Print the data that follows word for word, leaving out any picture.

== DATA SECTION ==

▶

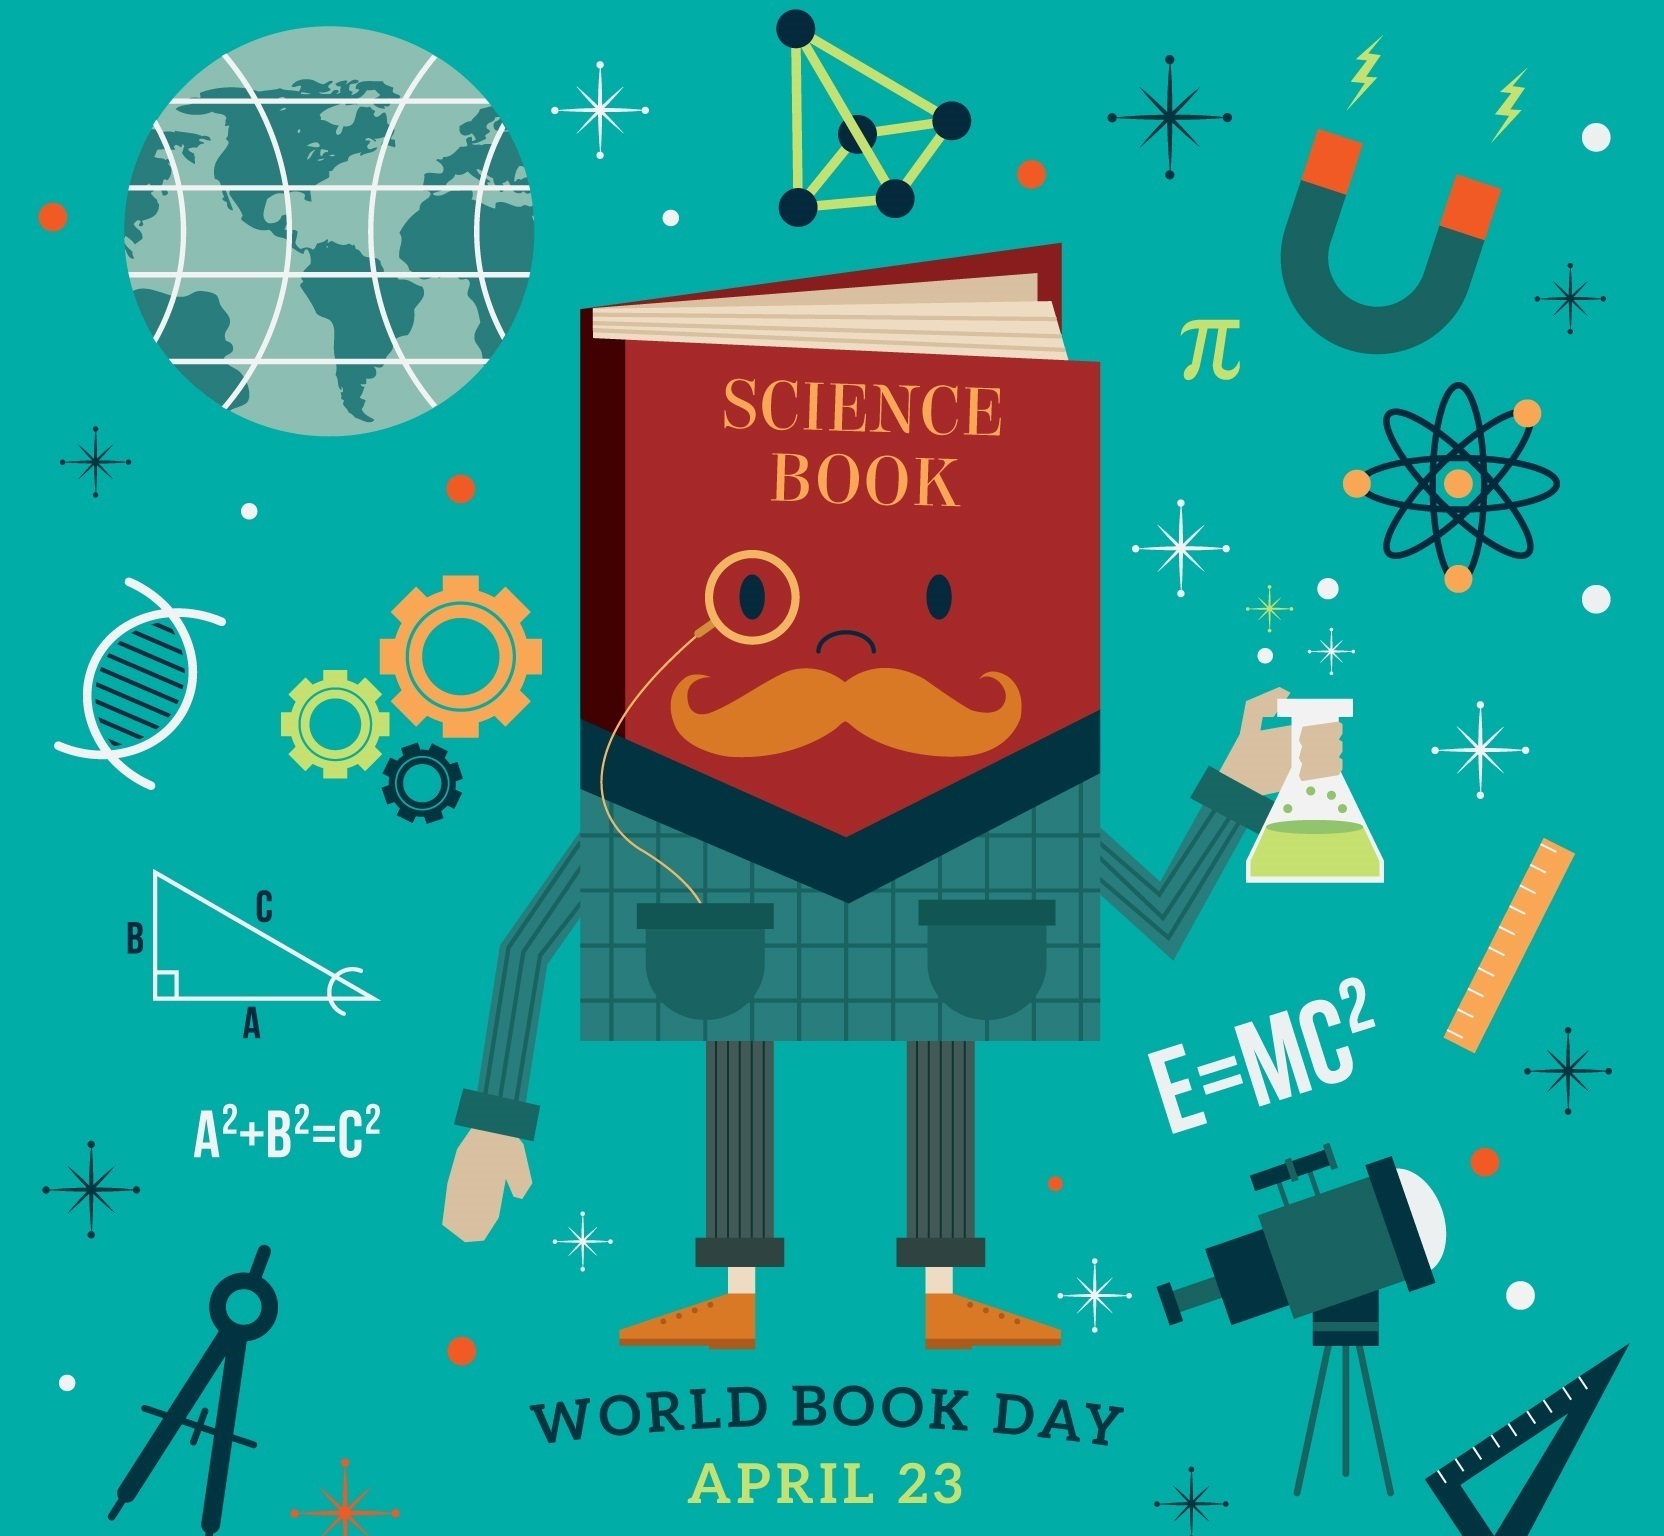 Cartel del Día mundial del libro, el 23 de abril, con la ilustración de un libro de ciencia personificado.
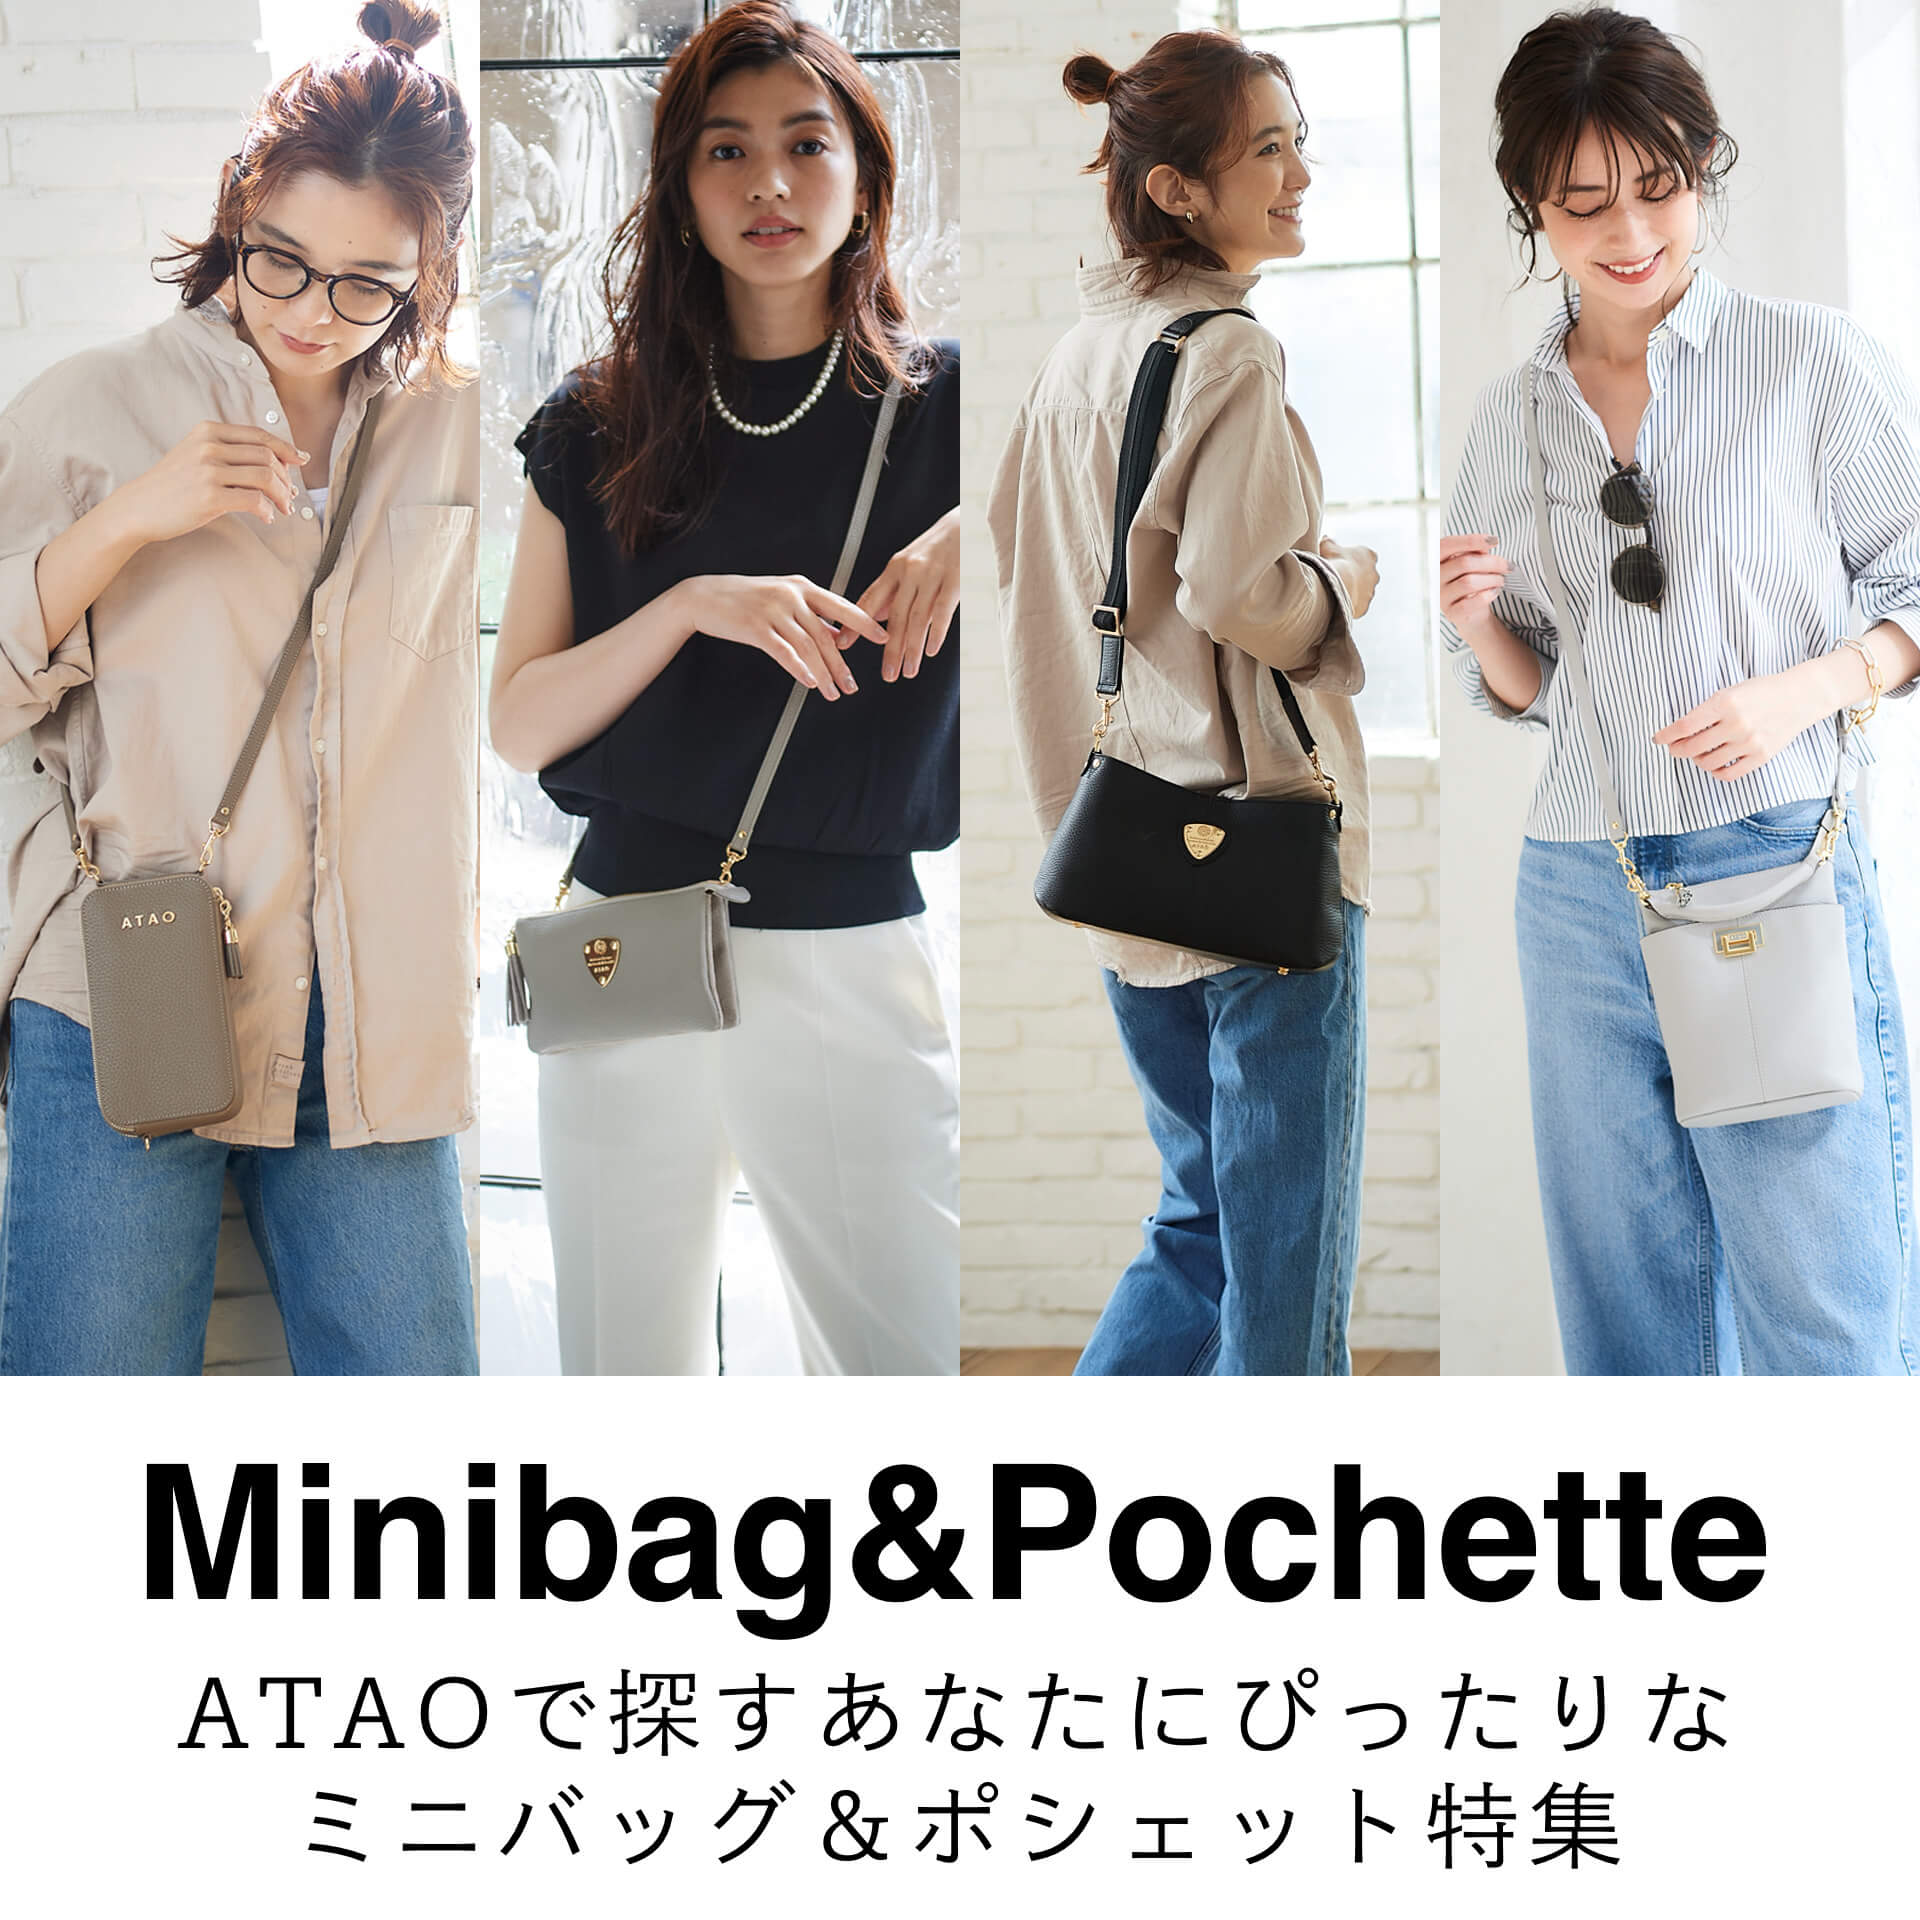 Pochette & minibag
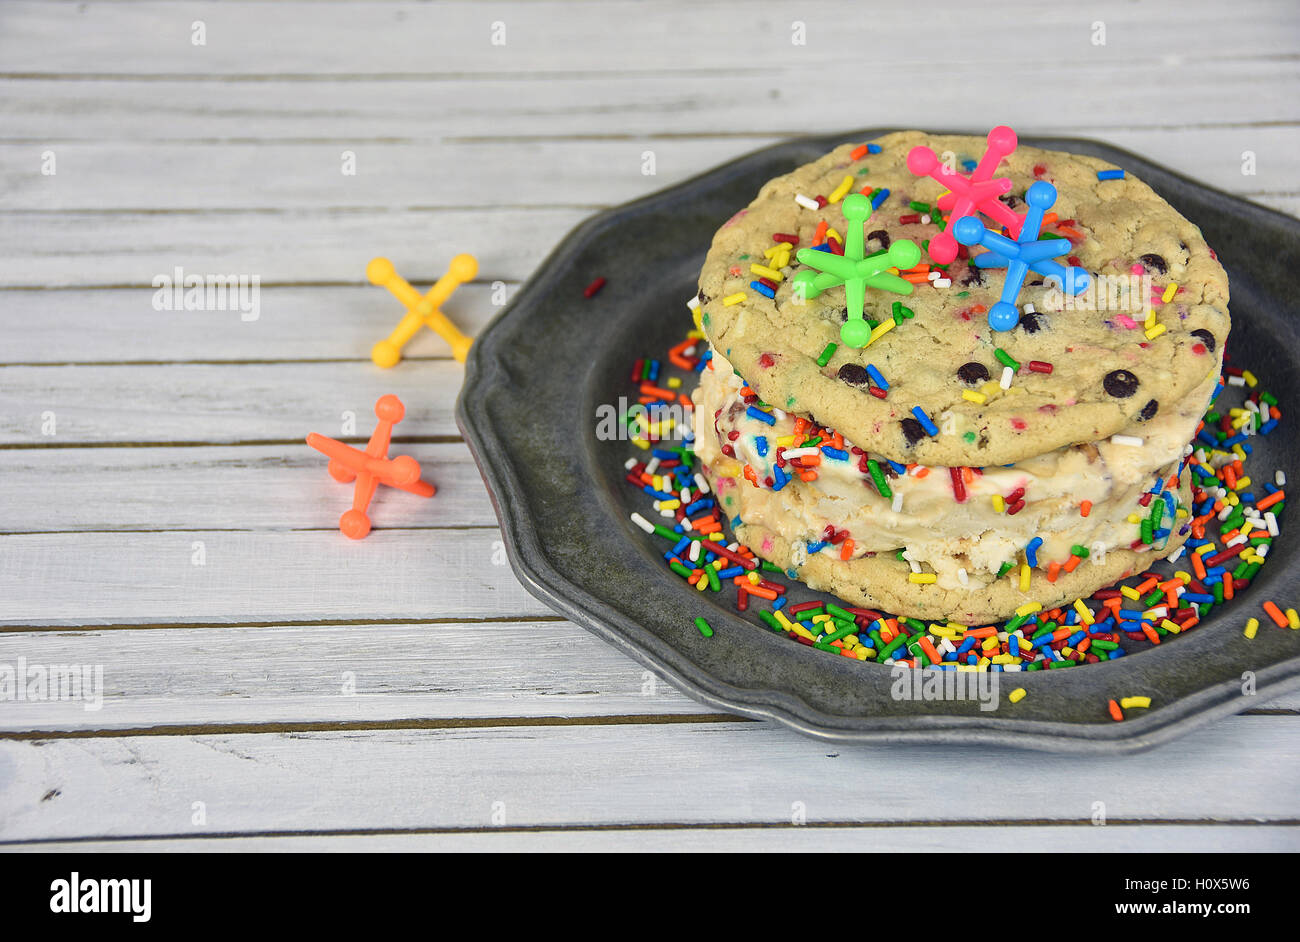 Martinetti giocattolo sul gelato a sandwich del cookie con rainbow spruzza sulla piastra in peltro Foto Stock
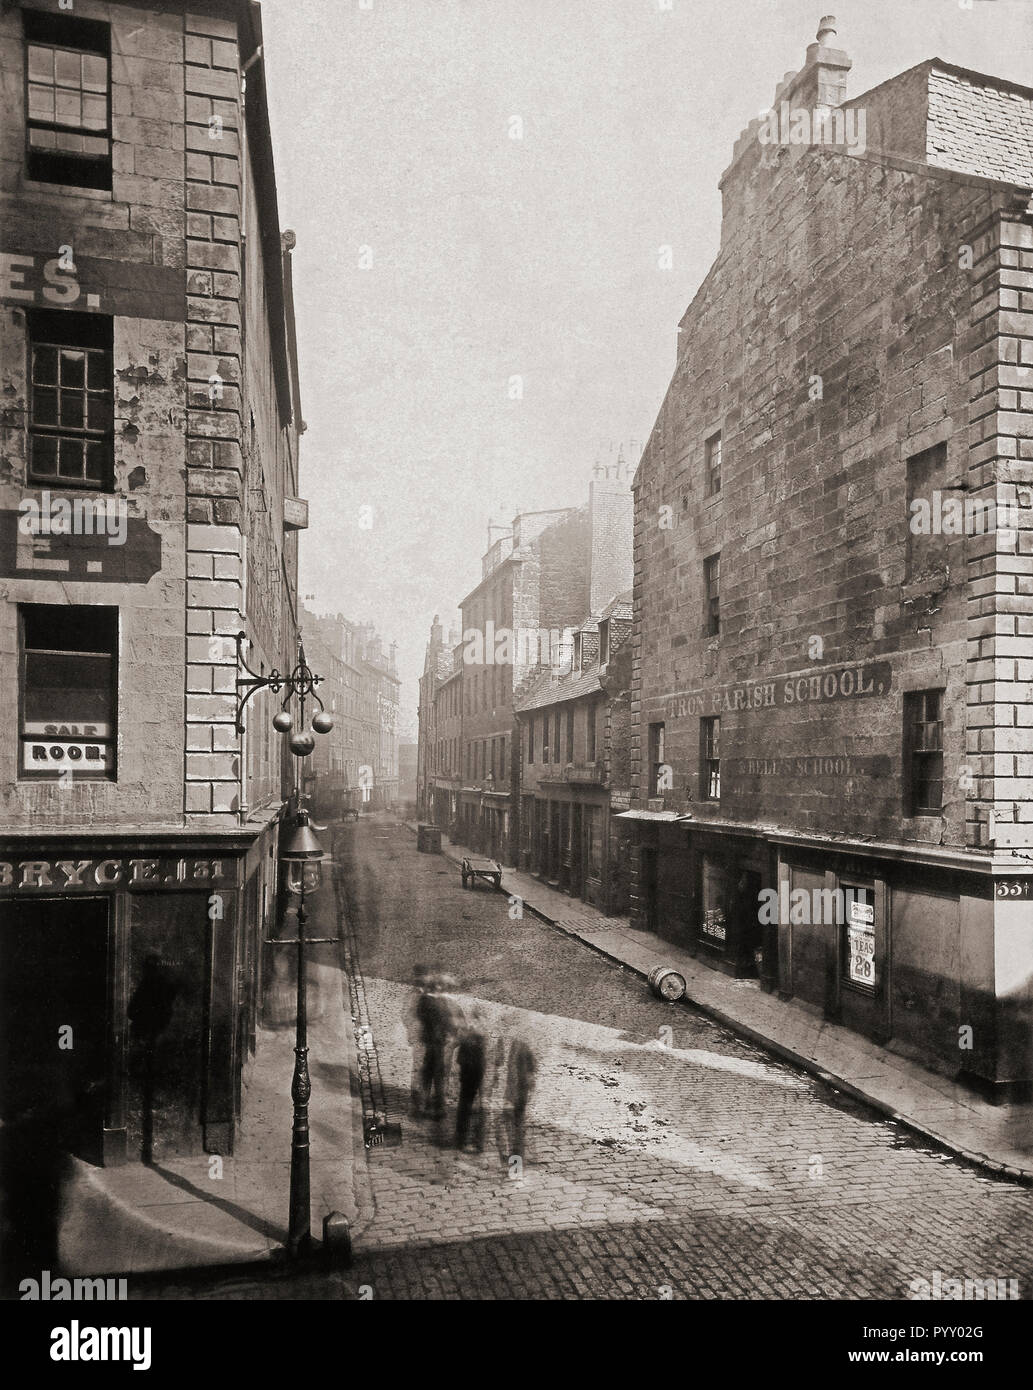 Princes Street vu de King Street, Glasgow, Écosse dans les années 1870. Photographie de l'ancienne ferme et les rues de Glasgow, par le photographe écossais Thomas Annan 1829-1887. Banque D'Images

◀

== OUTPUT ==
 Cartel del Día mundial del libro, el 23 de abril, con la ilustración de un libro de ciencia personificado.
 Pochette & minibag
 Martinetti giocattolo sul gelato a sandwich del cookie con rainbow spruzza sulla piastra in peltro Foto Stock
 Princes Street vu de King Street, Glasgow, Écosse dans les années 1870. Photographie de l'ancienne ferme et les rues de Glasgow, par le photographe écossais Thomas Annan 1829-1887. Banque D'Images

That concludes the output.